L’Ora della Terra: sessanta minuti fatti di stelle

Il 25 marzo 2017 tutto il mondo spegne le luci per un’ora

 

Earth Hour (Ora della Terra), l’evento internazionale ideato e gestito dal WWF (www.wwf.it), è ormai giunto alla decima edizione. E se nel 2007 partecipò solo la città australiana di Sydney, oggi  l’ora di buio si è diffusa in Europa, Asia e America.

Lo scorso anno, infatti, l’iniziativa promossa dall’Associazione che ha come logo il panda gigante ha coinvolto ben 178 Paesi. Sono state spente le luci di alcune delle principali icone mondiali come l’Opera House di Sydney, il Cristo Redentore  di Rio de Janeiro, la Torre Eiffel di Parigi e il Ponte sul Bosforo di Istanbul.

L’Italia non si è tirata indietro e ha accettato la sfida, spegnendo oltre 400 luoghi e monumenti tra cui la Basilica di San Pietro, il Colosseo, la Torre di Pisa e la Mole Antonelliana.

Quest’anno l’Ora della Terra cadrà il 25 marzo 2017, dalle ore 20.30 alle 21.30. Attraverso tutti i fusi orari, centinaia di milioni di persone spegneranno le luci per un’ora, per manifestare contro il cambiamento climatico dovuto all’inquinamento.

Il 2016 è stato, infatti, dichiarato dalla Nasa e dall’Agenzia federale Usa per la meteorologia (Noaa) l’anno più caldo mai registrato, un dato che minaccia il benessere umano e la sopravvivenza di specie animali e vegetali. Secondo l’Intergovernmental Panel on Climate Change (IPCC) la temperatura della Terra nei prossimi 10 anni potrebbe aumentare fino ad un valore di 5,8°, causando lo scioglimento dei ghiacciai e dei ghiacci dei Poli con il conseguente innalzamento del livello dei mari di circa 6 metri. Se si verificasse intere città sarebbero sommerse!
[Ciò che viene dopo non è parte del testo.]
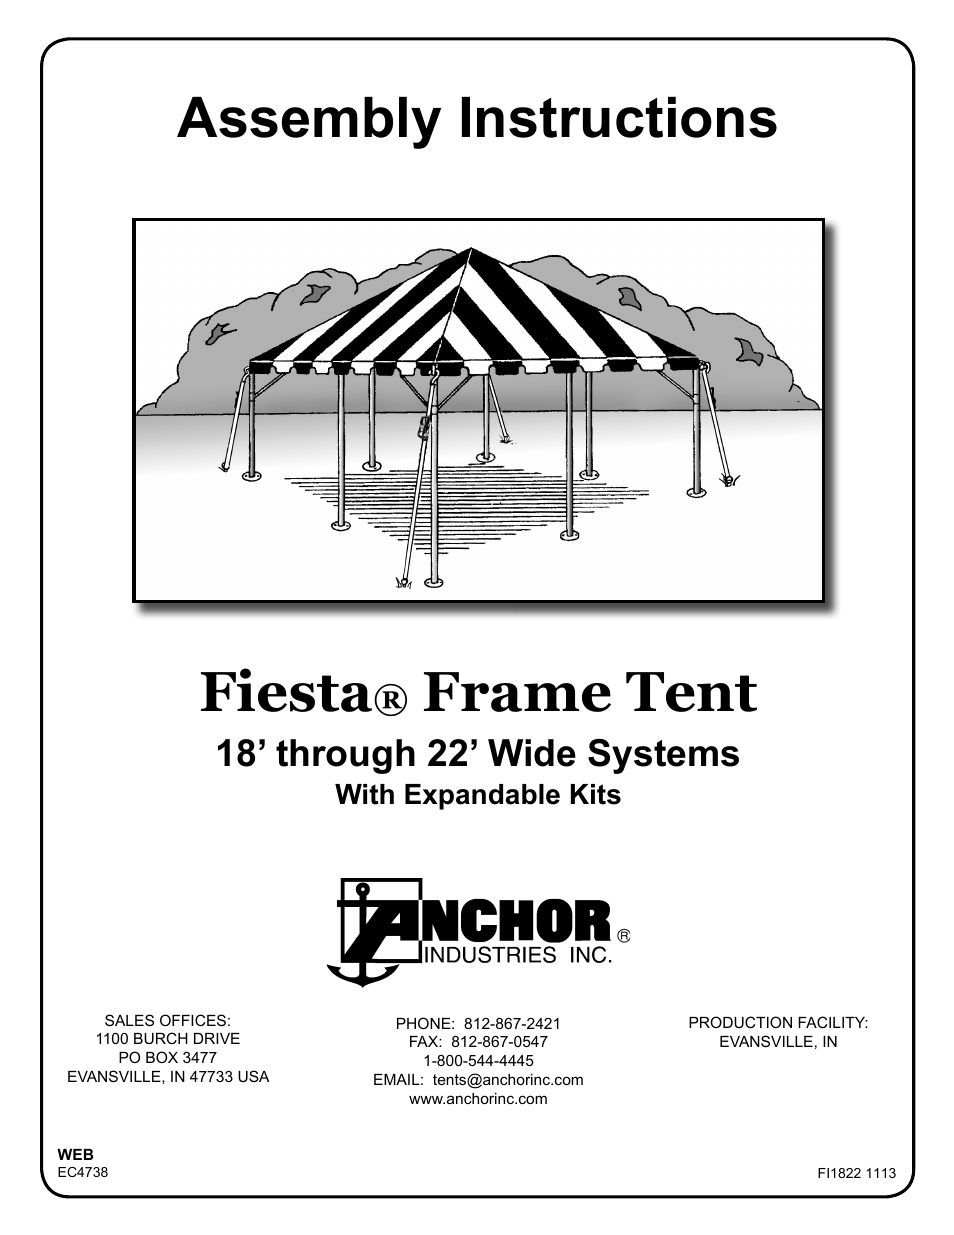 Anchor FIESTA FRAME TENT 18-22 User Manual | 10 pages | Original mode

L’Ora della Terra sarà dedicata in particolare alla specie “simbolo”: l’orso polare destinato ad estinguersi molto rapidamente qualora le previsioni dell’IPCC dovessero avverarsi.

Chi è coinvolto? Ognuno di noi:è un’ora che riguarda tutta la Terra, tutti i suoi abitanti e specialmente i giovani.

E tu che leggi, cosa aspetti? Premi l’interruttore della tua camera e #ChangeClimateChange.